## TASK DIRECTIONS
Beginning at the line that contains "An Lochan Uaine - The Green Loch" and finishing at the line that contains "Herringbone Striped Turkish", output the data below exactly. Include both end lines and no pictures.

## EXCERPTED RECORDS
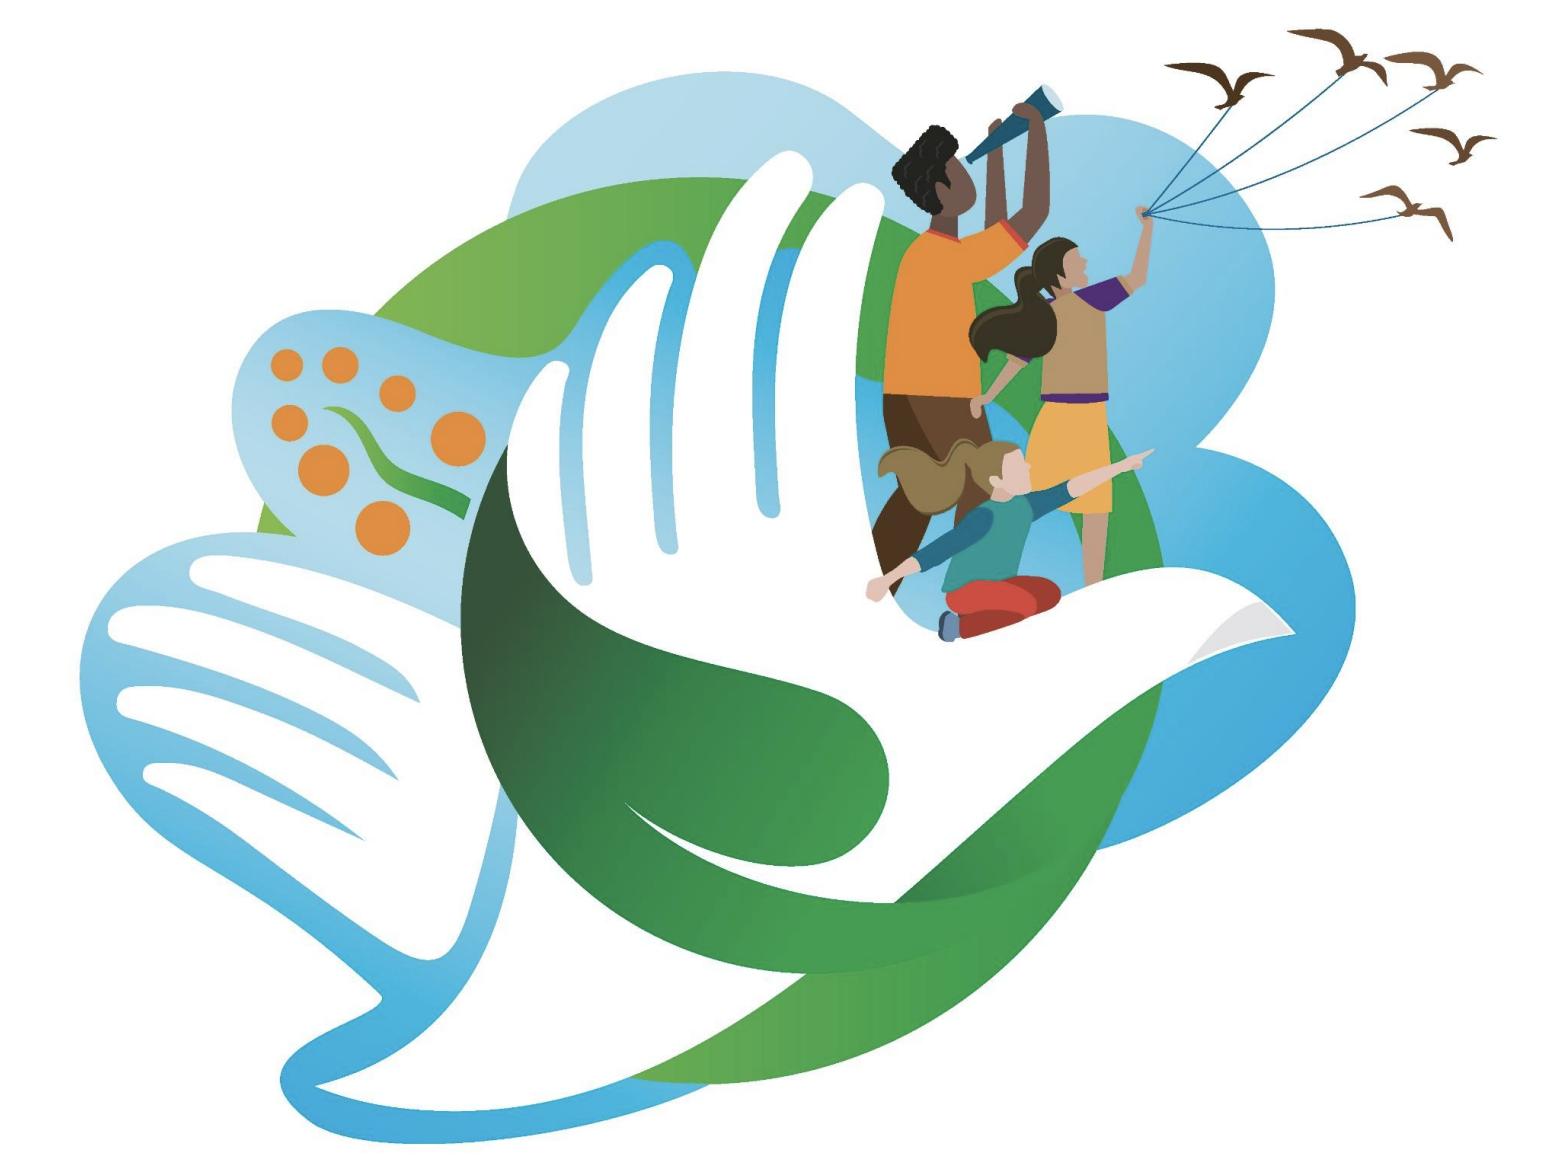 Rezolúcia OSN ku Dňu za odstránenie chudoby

* * *

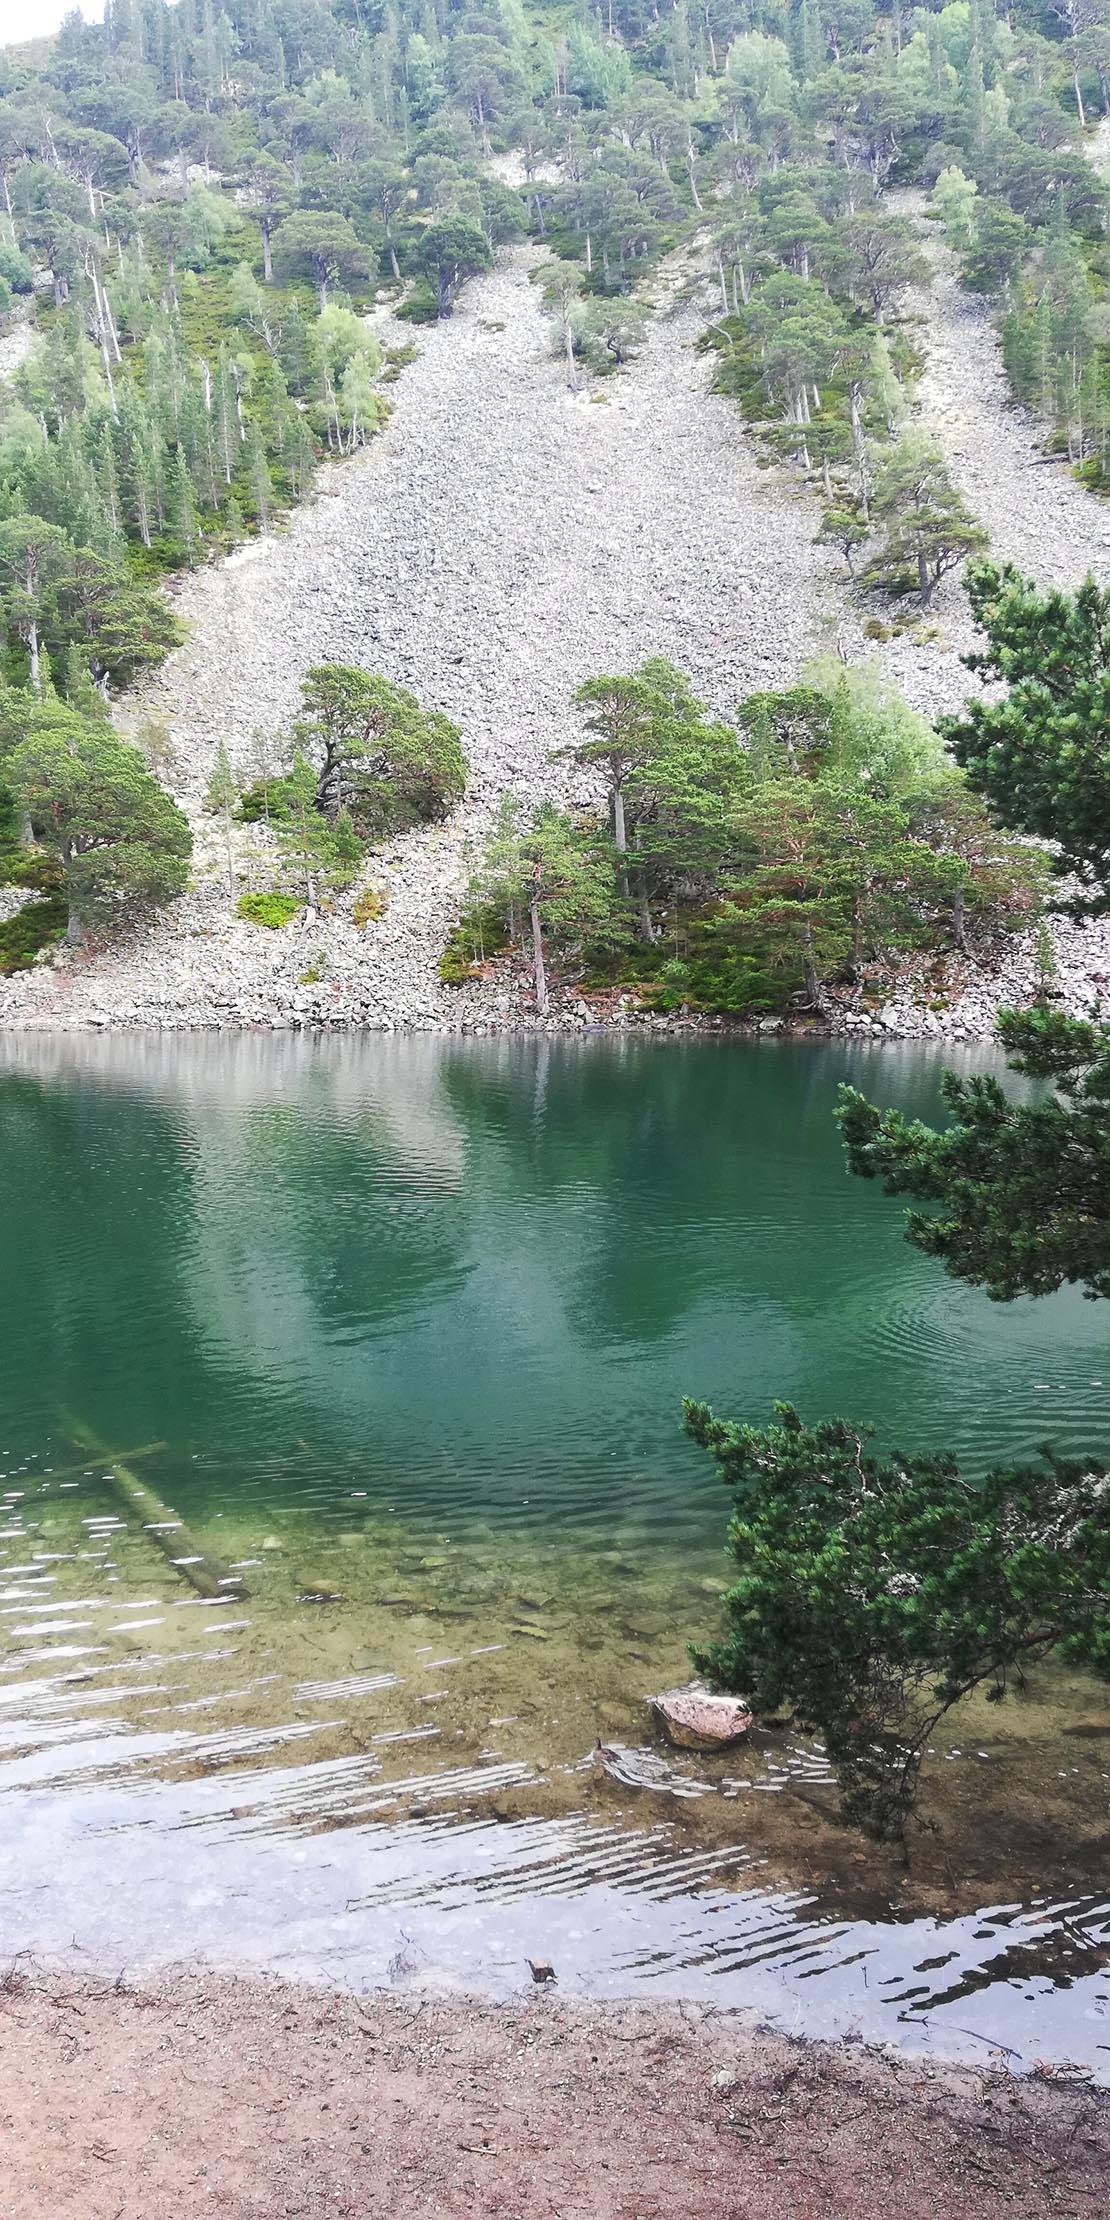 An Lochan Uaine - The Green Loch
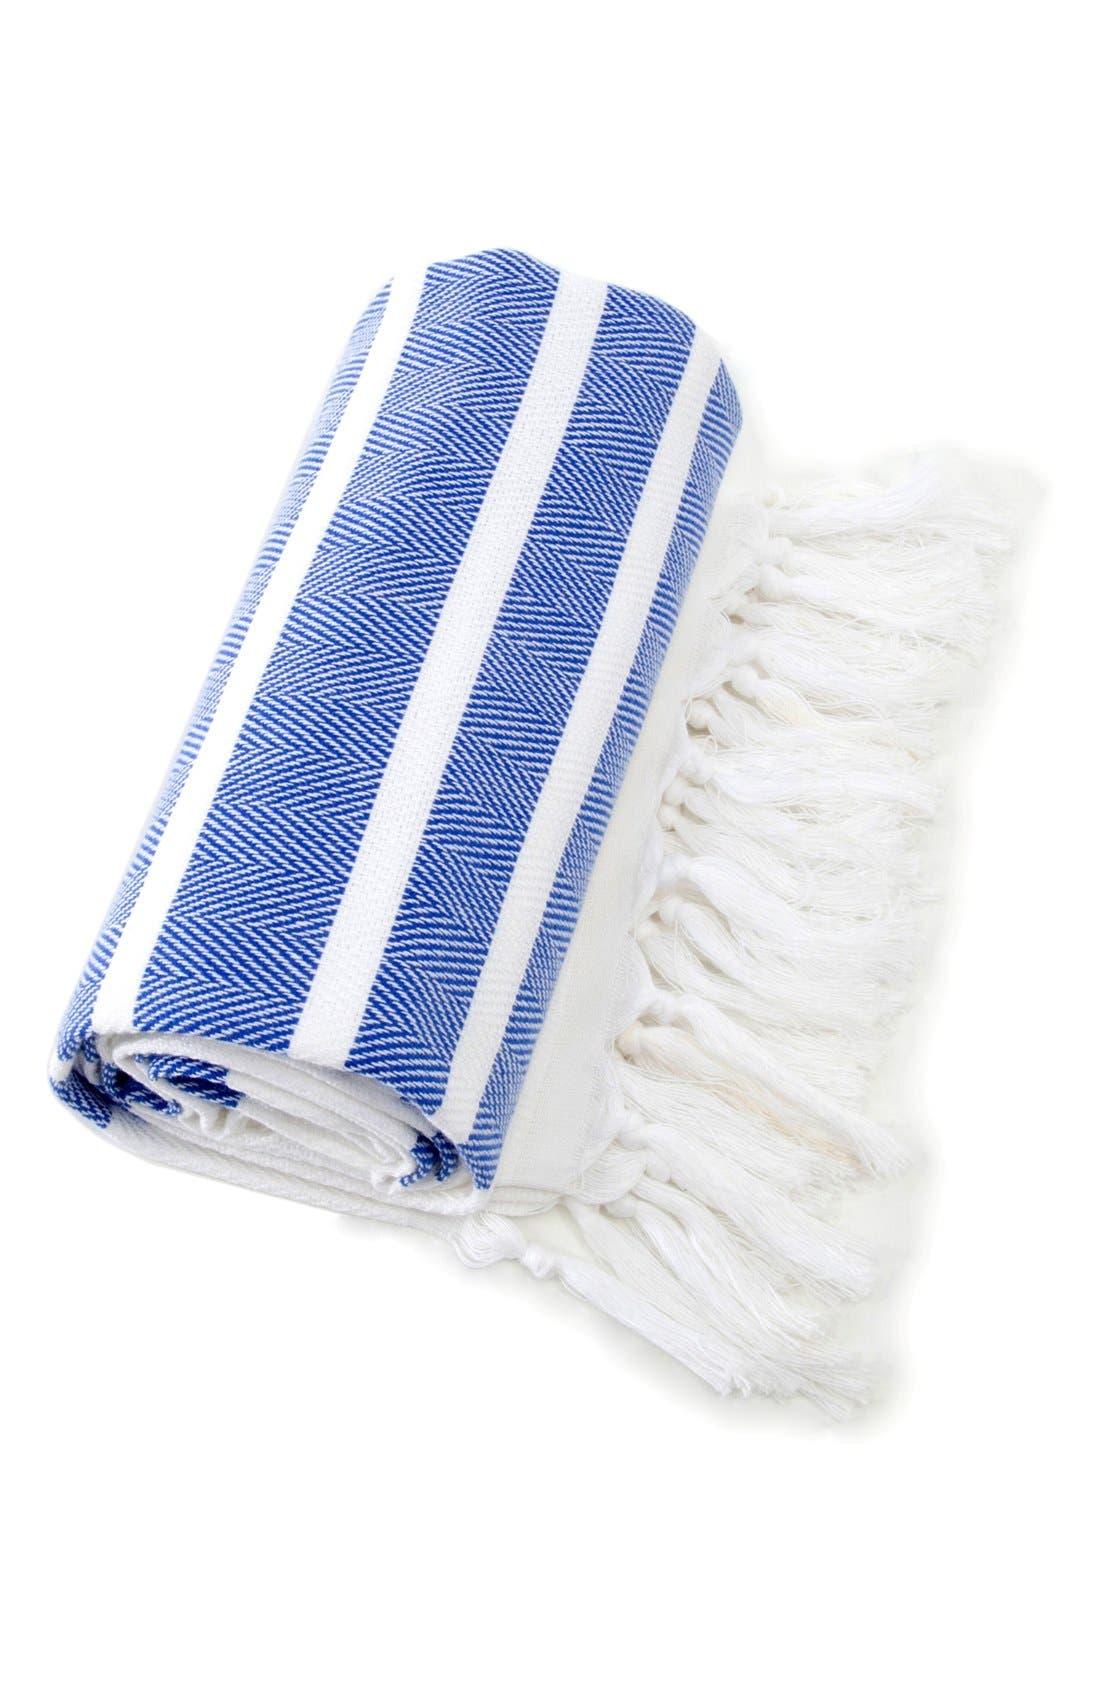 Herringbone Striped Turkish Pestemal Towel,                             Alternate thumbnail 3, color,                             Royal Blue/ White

## ANSWER TO THE PROBLEM
 An Lochan Uaine - The Green Loch
 Herringbone Striped Turkish Pestemal Towel,                             Alternate thumbnail 3, color,                             Royal Blue/ White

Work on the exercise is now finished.